**EXERCISE GOAL**
Below is a listing; write it out exactly and drop any images from it.

**SOURCE DATA**
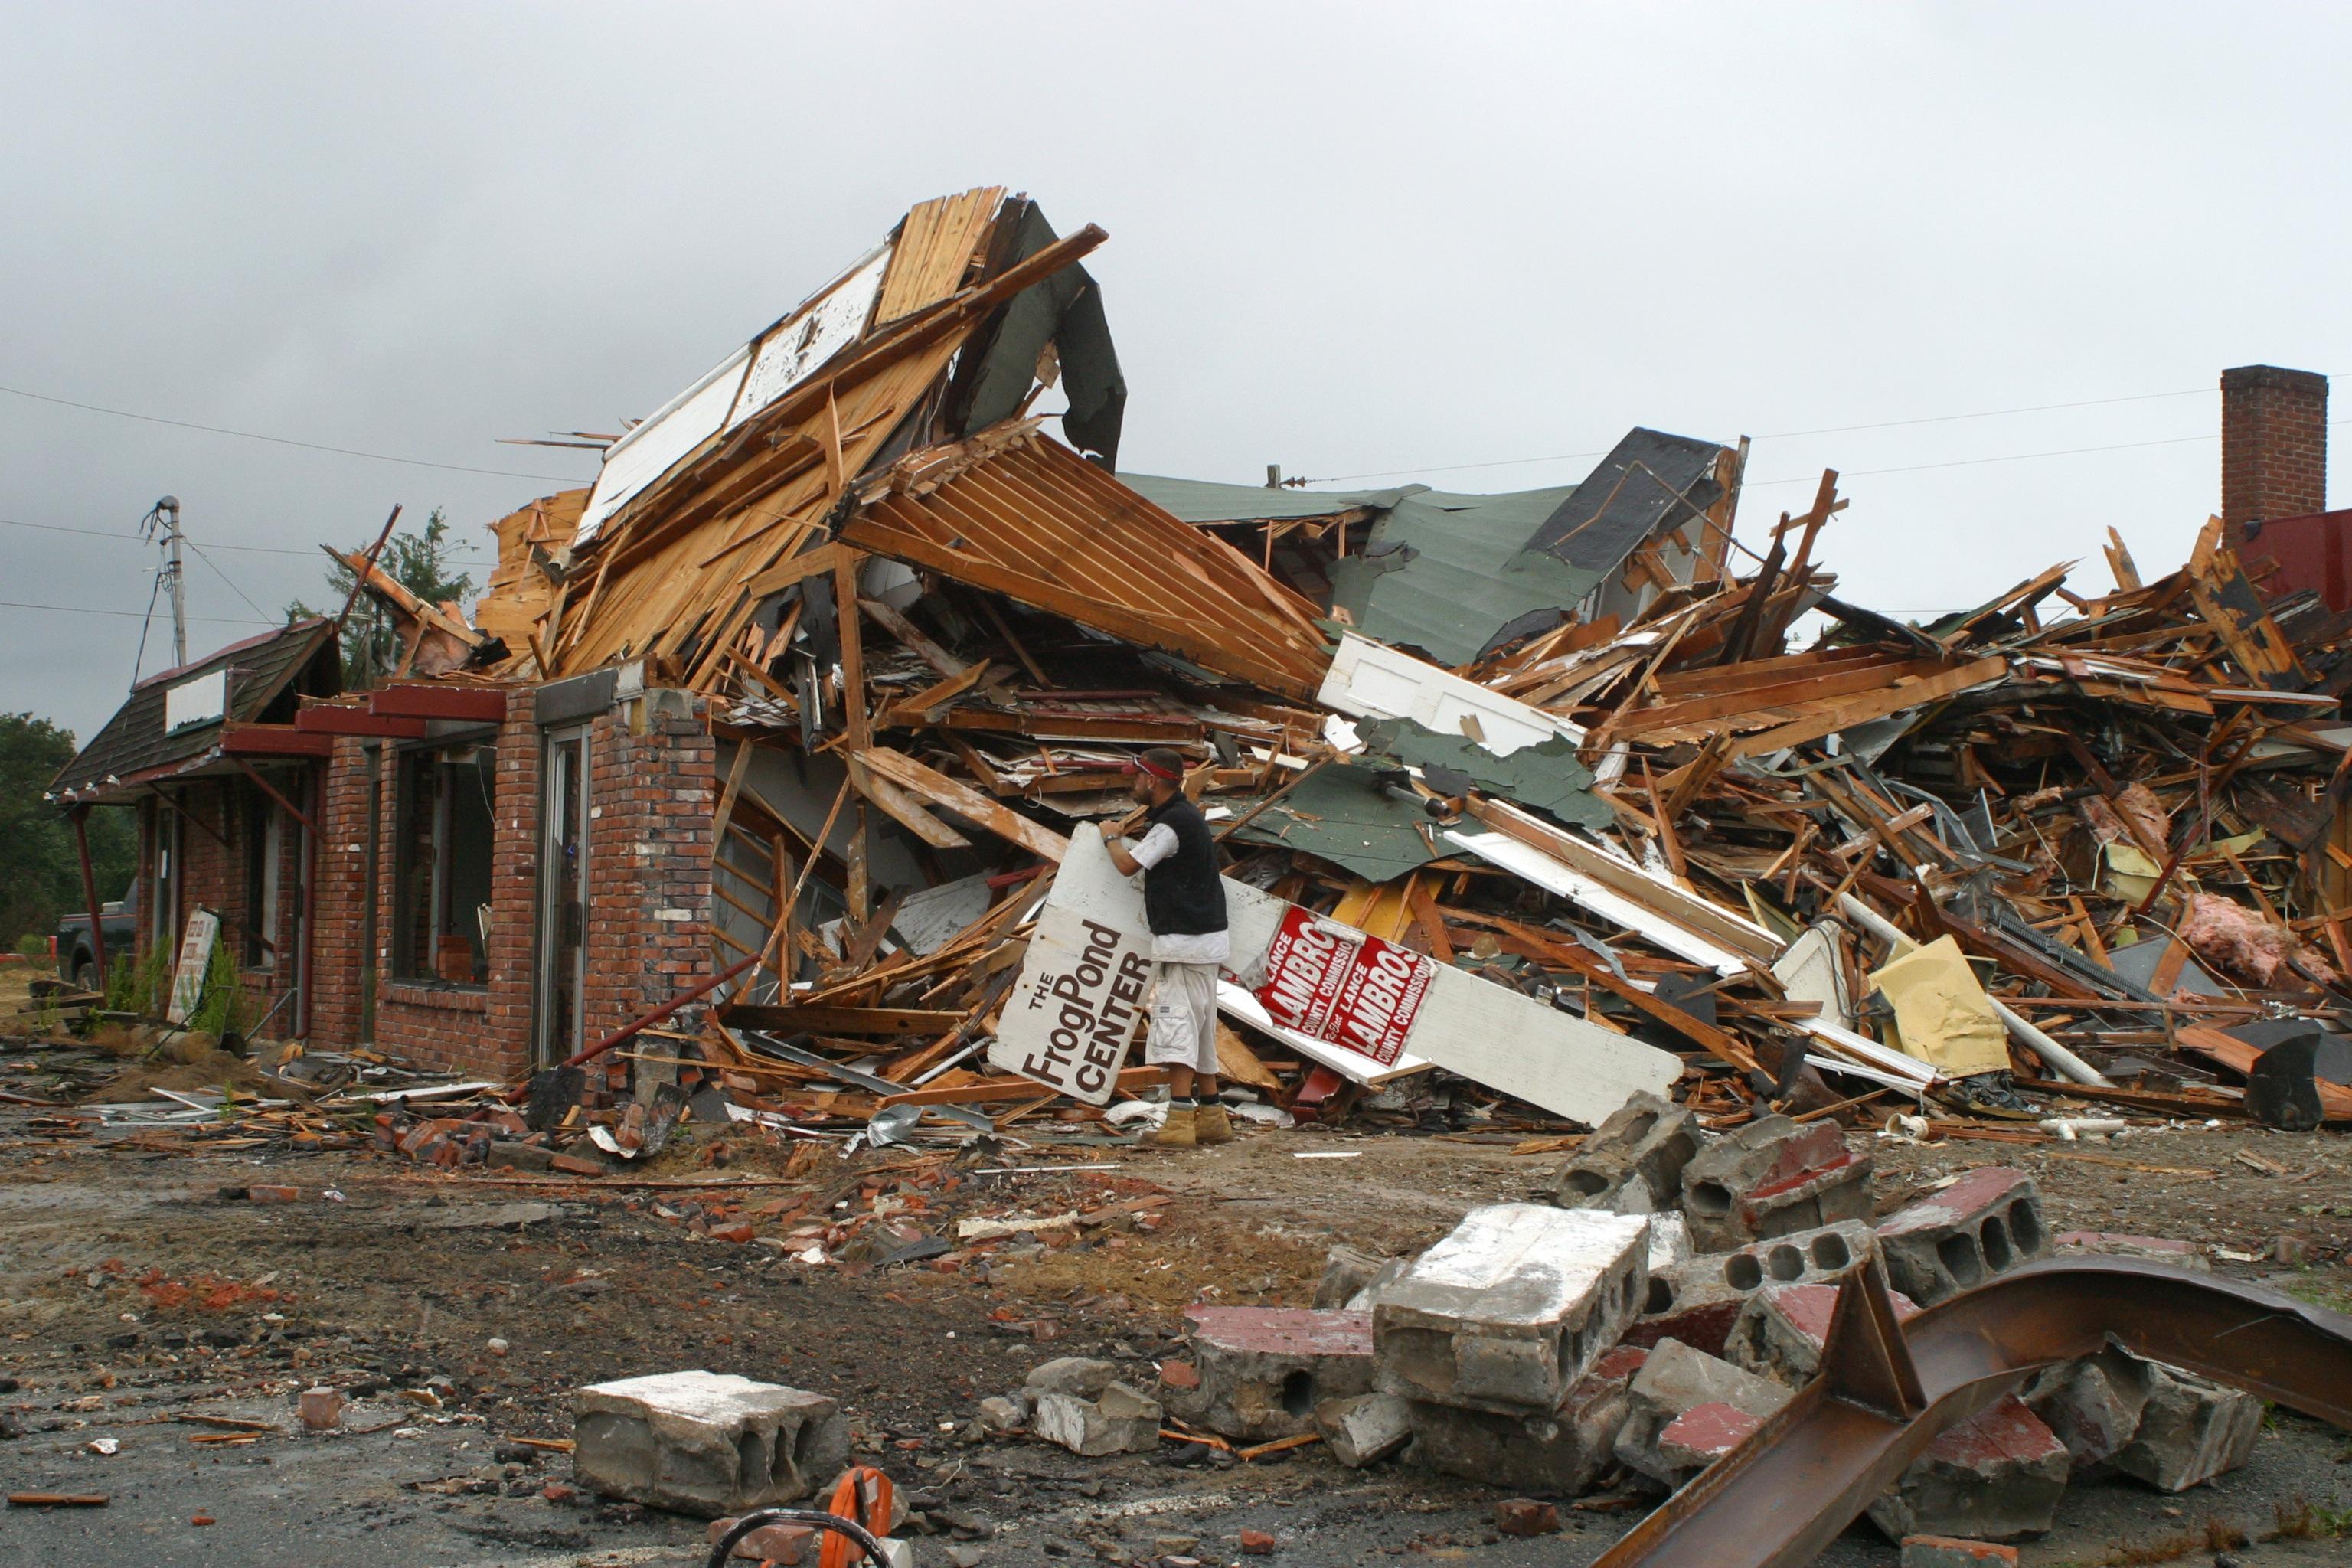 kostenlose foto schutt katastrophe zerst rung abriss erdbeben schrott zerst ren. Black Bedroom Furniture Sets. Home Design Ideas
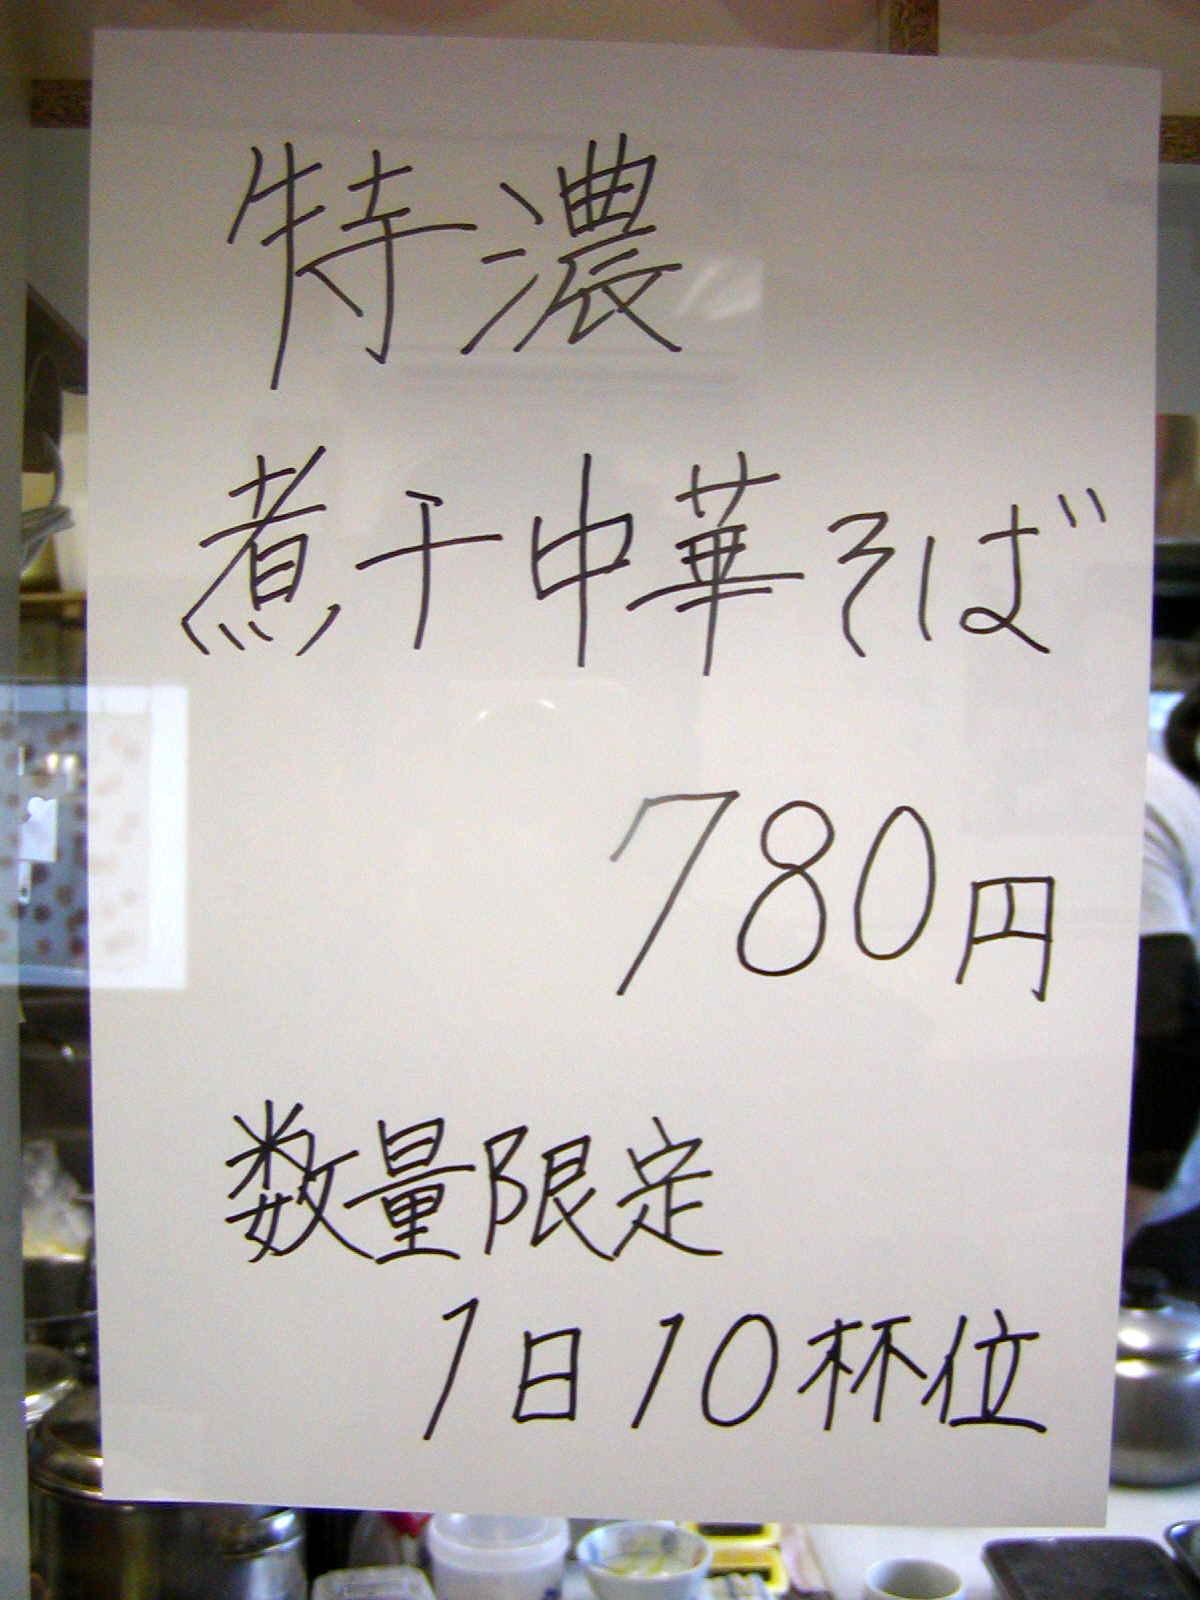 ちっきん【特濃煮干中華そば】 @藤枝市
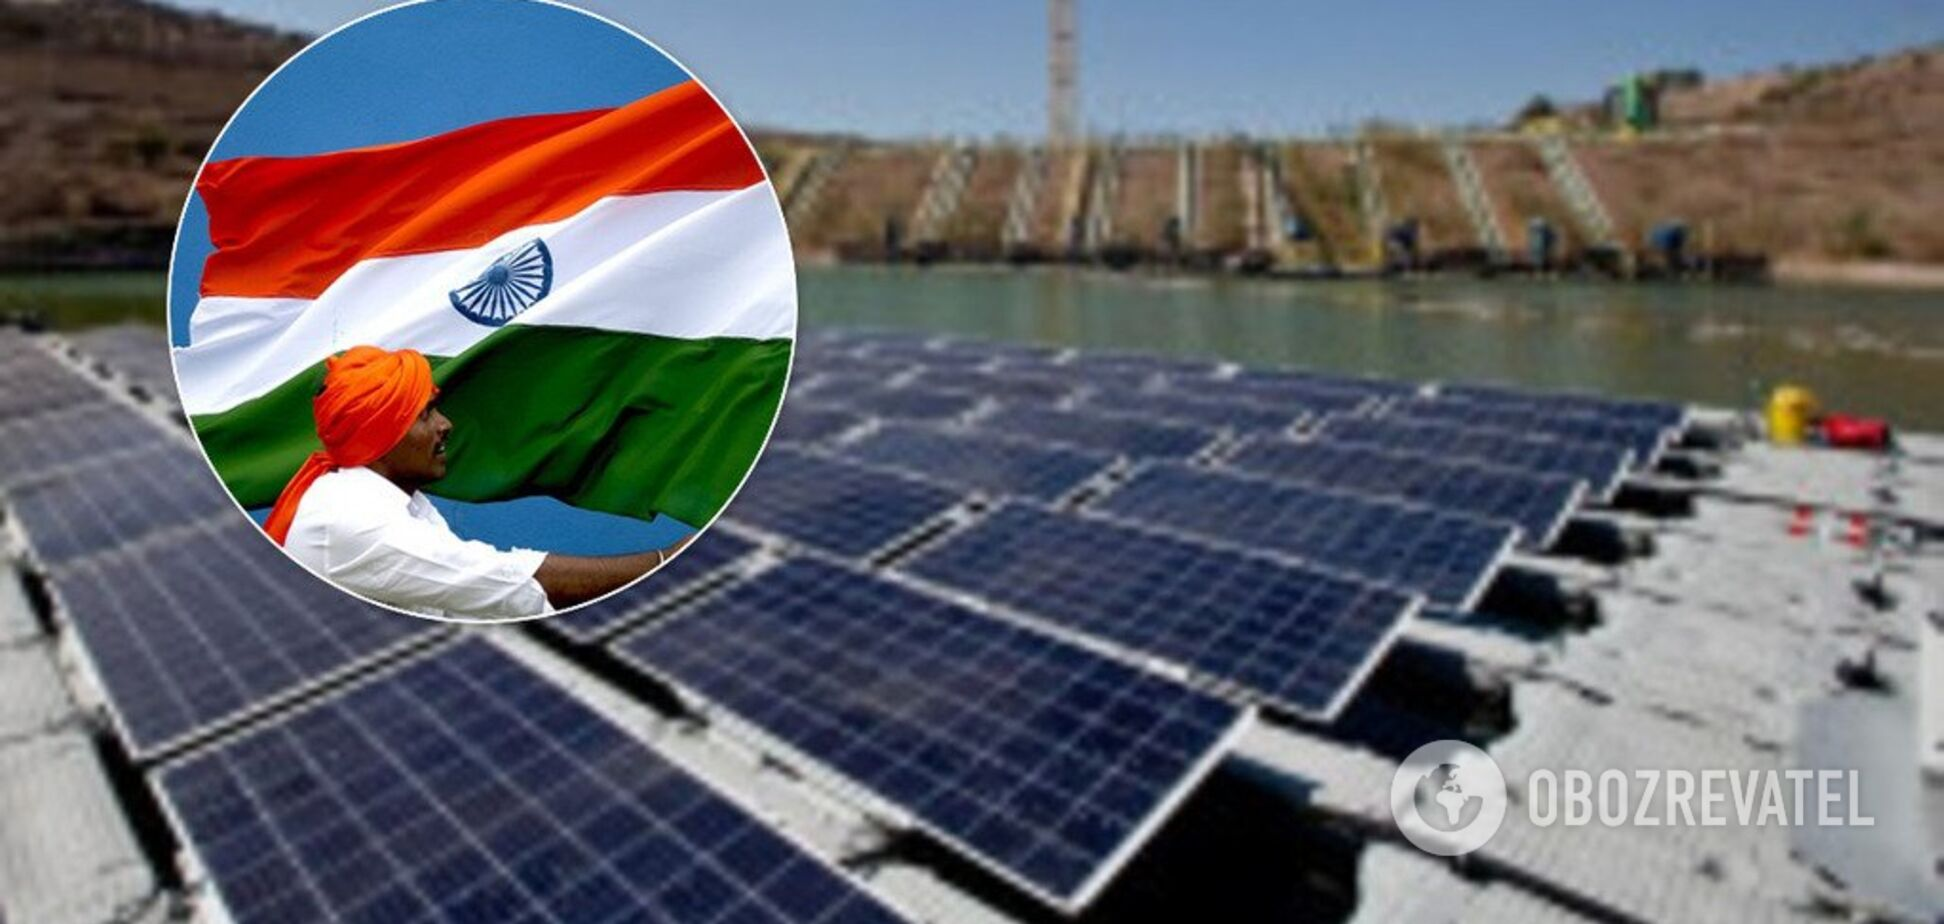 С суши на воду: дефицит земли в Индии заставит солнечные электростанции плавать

**COMPLETED EXERCISE**
 kostenlose foto schutt katastrophe zerst rung abriss erdbeben schrott zerst ren. Black Bedroom Furniture Sets. Home Design Ideas
 ちっきん【特濃煮干中華そば】 @藤枝市
 С суши на воду: дефицит земли в Индии заставит солнечные электростанции плавать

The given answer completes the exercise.